(Data extracted from a collection)
------------------------------------------------------------
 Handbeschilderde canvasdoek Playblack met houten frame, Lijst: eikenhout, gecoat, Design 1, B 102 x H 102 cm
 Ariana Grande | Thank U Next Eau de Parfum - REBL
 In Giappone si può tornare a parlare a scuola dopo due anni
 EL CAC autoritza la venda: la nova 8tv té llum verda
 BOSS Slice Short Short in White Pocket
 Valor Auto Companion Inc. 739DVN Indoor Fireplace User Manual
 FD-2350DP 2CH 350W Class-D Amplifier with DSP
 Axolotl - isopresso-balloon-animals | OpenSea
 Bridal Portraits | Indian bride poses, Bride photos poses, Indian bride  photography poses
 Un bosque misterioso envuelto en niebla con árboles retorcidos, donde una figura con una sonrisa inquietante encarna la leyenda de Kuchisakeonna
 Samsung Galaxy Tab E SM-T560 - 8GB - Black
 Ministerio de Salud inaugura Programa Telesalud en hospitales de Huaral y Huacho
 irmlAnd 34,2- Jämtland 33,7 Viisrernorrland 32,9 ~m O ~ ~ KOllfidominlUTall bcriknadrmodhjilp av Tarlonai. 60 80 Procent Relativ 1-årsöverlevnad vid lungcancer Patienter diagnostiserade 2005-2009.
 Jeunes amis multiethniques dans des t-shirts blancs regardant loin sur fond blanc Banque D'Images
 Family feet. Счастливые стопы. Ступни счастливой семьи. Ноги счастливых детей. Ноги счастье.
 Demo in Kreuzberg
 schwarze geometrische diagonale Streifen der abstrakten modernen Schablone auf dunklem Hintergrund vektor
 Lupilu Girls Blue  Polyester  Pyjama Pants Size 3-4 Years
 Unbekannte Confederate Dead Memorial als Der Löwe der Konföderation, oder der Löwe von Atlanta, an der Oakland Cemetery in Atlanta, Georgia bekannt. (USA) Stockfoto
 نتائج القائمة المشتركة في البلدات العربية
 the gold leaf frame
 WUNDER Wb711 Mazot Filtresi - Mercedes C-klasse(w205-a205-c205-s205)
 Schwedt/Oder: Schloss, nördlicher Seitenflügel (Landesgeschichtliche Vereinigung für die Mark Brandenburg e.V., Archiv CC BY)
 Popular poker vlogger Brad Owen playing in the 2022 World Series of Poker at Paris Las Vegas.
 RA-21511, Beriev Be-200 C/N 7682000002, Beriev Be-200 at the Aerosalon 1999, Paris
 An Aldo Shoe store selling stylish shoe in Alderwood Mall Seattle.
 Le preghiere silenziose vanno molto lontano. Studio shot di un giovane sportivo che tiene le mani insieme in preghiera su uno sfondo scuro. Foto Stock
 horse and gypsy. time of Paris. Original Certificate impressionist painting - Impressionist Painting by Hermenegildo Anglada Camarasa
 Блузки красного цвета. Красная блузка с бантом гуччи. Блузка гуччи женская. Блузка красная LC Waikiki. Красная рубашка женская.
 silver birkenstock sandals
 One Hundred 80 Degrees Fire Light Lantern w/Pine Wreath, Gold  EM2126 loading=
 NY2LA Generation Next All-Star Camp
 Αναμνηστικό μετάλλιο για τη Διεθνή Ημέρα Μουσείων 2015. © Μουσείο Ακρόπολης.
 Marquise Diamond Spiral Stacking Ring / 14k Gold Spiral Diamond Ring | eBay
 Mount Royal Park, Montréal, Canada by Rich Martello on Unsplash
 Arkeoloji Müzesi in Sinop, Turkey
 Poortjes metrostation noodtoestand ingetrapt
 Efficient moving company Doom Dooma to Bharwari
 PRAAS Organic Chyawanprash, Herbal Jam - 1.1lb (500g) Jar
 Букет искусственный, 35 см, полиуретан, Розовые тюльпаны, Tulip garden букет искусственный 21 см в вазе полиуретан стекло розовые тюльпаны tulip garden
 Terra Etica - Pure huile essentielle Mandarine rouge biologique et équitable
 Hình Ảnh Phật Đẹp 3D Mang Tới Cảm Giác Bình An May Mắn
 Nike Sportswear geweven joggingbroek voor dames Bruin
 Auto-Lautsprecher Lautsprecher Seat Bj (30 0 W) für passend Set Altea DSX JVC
------------------------------------------------------------
WHAT THE TASK ASKS => From the data above, output exactly the lines between the one containing "Schwedt/Oder: Schloss, nördlicher" and the one containing "NY2LA Generation Next All-Star Camp", counting both of them.

EXERCISE RESPONSE =>
 Schwedt/Oder: Schloss, nördlicher Seitenflügel (Landesgeschichtliche Vereinigung für die Mark Brandenburg e.V., Archiv CC BY)
 Popular poker vlogger Brad Owen playing in the 2022 World Series of Poker at Paris Las Vegas.
 RA-21511, Beriev Be-200 C/N 7682000002, Beriev Be-200 at the Aerosalon 1999, Paris
 An Aldo Shoe store selling stylish shoe in Alderwood Mall Seattle.
 Le preghiere silenziose vanno molto lontano. Studio shot di un giovane sportivo che tiene le mani insieme in preghiera su uno sfondo scuro. Foto Stock
 horse and gypsy. time of Paris. Original Certificate impressionist painting - Impressionist Painting by Hermenegildo Anglada Camarasa
 Блузки красного цвета. Красная блузка с бантом гуччи. Блузка гуччи женская. Блузка красная LC Waikiki. Красная рубашка женская.
 silver birkenstock sandals
 One Hundred 80 Degrees Fire Light Lantern w/Pine Wreath, Gold  EM2126 loading=
 NY2LA Generation Next All-Star Camp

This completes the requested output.